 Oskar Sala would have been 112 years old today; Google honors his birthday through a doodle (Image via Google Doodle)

------------------------

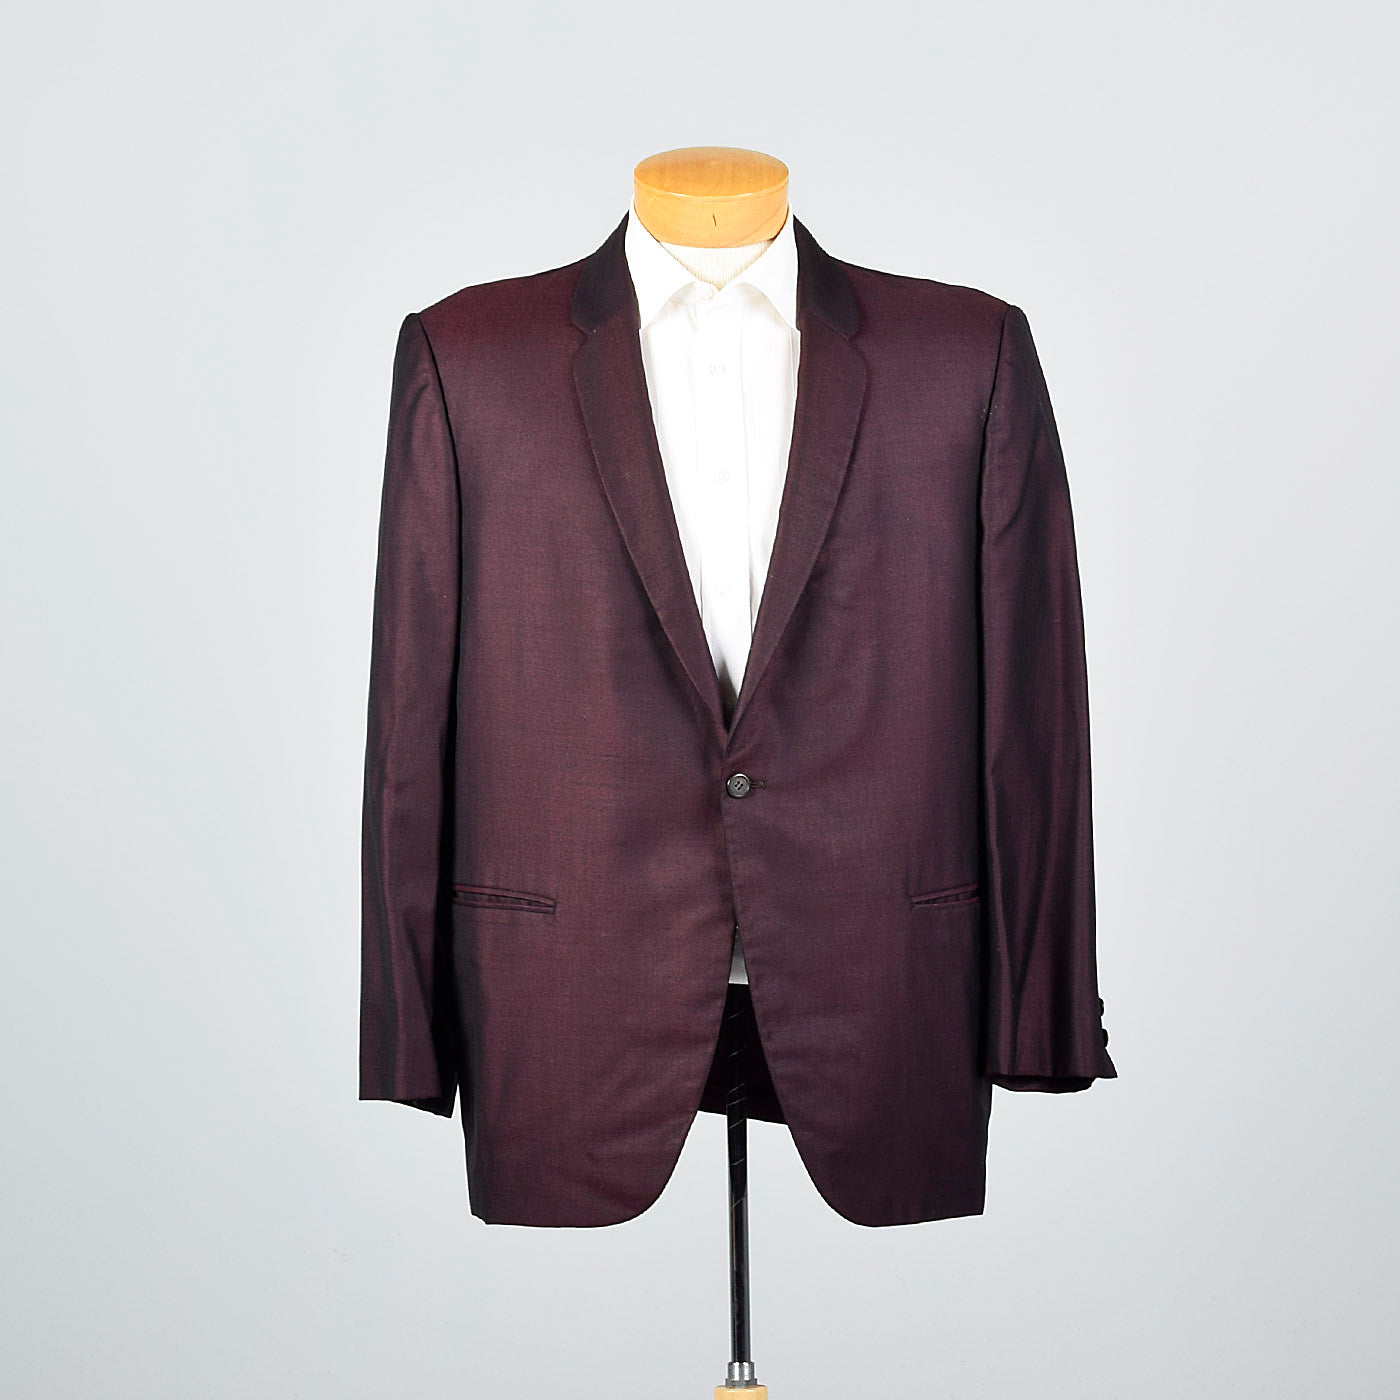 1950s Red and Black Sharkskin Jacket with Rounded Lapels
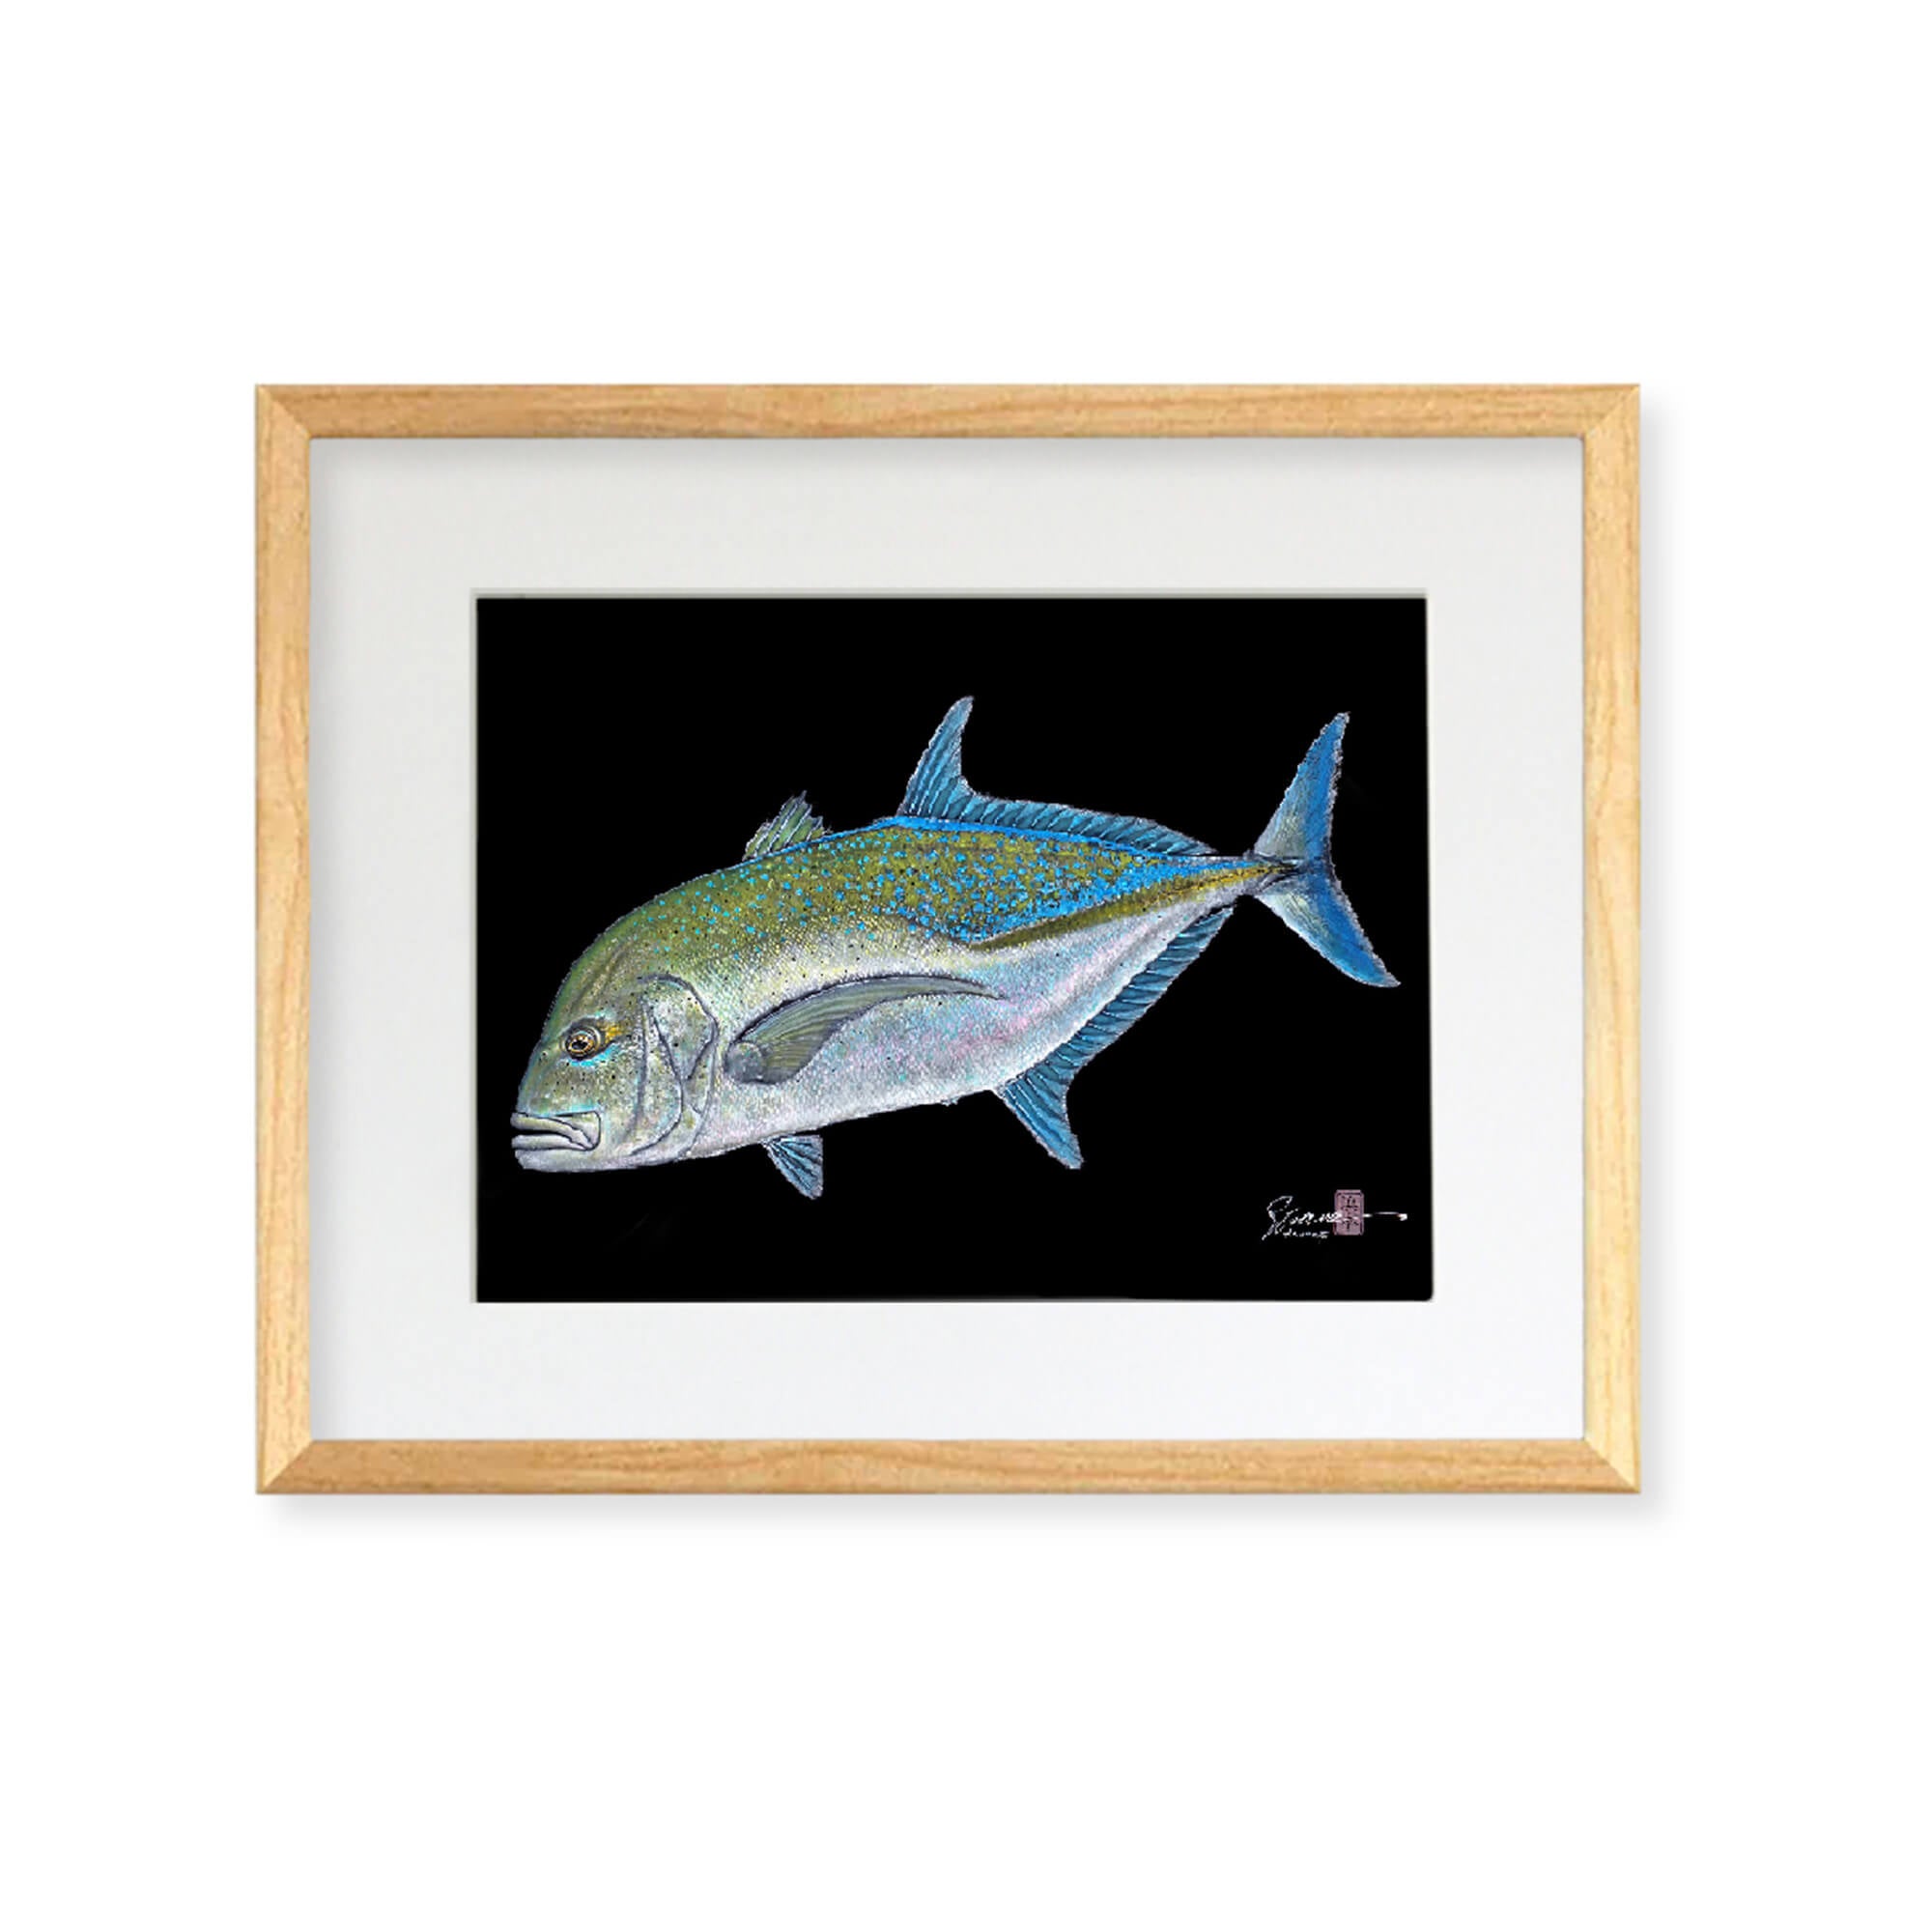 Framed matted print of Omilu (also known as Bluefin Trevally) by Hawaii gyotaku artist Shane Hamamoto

------------------------

**TASK TO COMPLETE:**
Using the entries above, write out exactly the lines from the one with "1950s Red and" through the one with "Framed matted print", ends included. Leave out any pictures.

**SOLVED EXERCISE:**
 1950s Red and Black Sharkskin Jacket with Rounded Lapels
 Framed matted print of Omilu (also known as Bluefin Trevally) by Hawaii gyotaku artist Shane Hamamoto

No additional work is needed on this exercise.